When it comes to health, most people focus on eating right and exercise. The third piece of this puzzle is sleep. According to the National Sleep Foundation (NSF), a recent study reported 43 percent of Americans between the ages of 13 and 64 rarely or never get a good night’s sleep on the weeknights. Not getting enough sleep has been linked to a lot of health conditions, including diabetes, hypertension, and depression.
Tossing and turning in bed can be the result of many things. With the hectic world we live in, it could be related to stress and our inability to wind down.
It could be too many lights in your bedroom or technology at your bedside. Back in 2011, NSF reported about 1 in 10 people said they were awakened every night or almost every night by a text, phone call, or email notification on their phone.
The wrong type of alarm clock could play a role as many people wake up in the middle of the night and seeing what time it is causes worrying about how much time there is left to sleep, or about oversleeping.
There is a correlation with our sleep patterns and waistlines. When we are short on sleep, it’s easier to skimp on exercise because we are tired.
We reach for the large coffees, sugary foods and drinks, and typically unhealthy fare to give us energy to get through the day. Not only that, but these foods are usually consumed in larger portions. Why? A lack of sleep affects our hormones — we produce more of the hormone that tells us to eat (ghrelin), and less of the one that says we are full (leptin).
What foods can disrupt our sleep and what can we do about them?
- A cheesy meal contains an amino acid that stimulates norepinephrine, which constricts your blood vessels and raises your blood pressure.
- Spicy or fatty foods can intensify heartburn. Both these and high fiber foods cause our bodies to spend more energy trying to digest these foods making it hard to relax when our digestive tracts are working overtime.
- A nightcap might help you fall asleep, but you’ll have less quality sleep. Just one drink before bed can relax your muscles enough that you’ll have more snoring and tossing and turning since it prevents you from entering the deeper stages of sleep.
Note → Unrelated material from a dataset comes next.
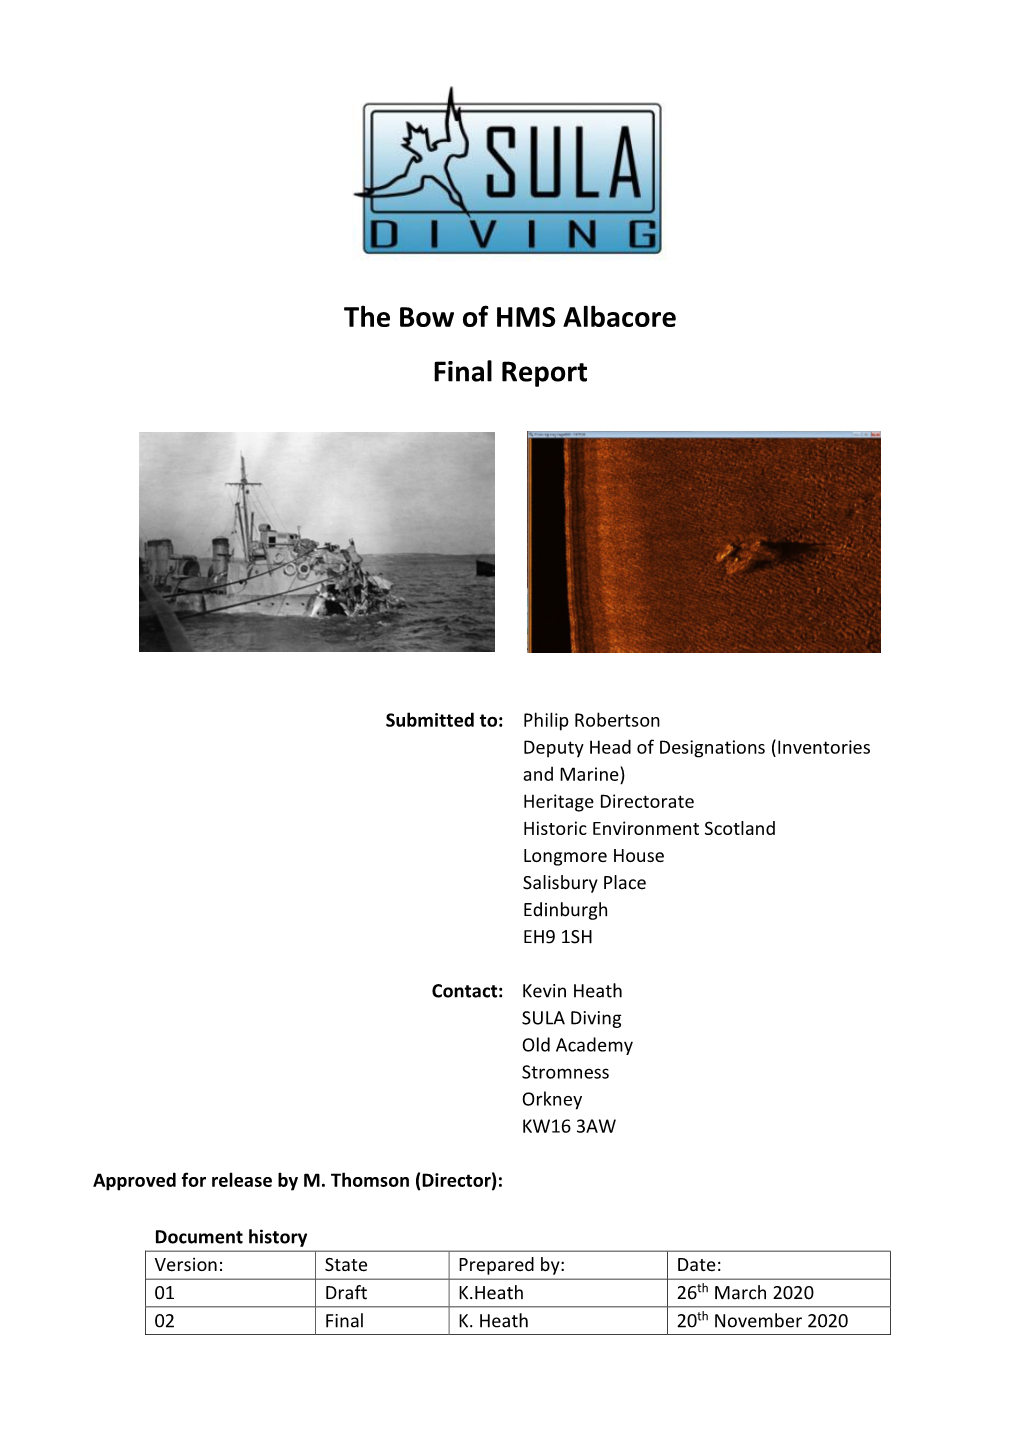 The Bow of HMS Albacore Final Report

- Exercise is an important aspect to overall health, with its timing being just as important. Being active before bedtime can result in a poor night’s sleep as your muscles are still active and your body temperature is still high. Try working out at least three hours before bedtime.
- Caffeine stimulates our minds. It’s best not to consume caffeine tooclose to bedtime as its stimulant effect stays in your system up to five to six hours.
Eating right, exercise, and getting adequate sleep are all important aspects to our health. Knowing how our food and drink affects our bodies can help keep us alert throughout the day and avoid excessive drowsiness.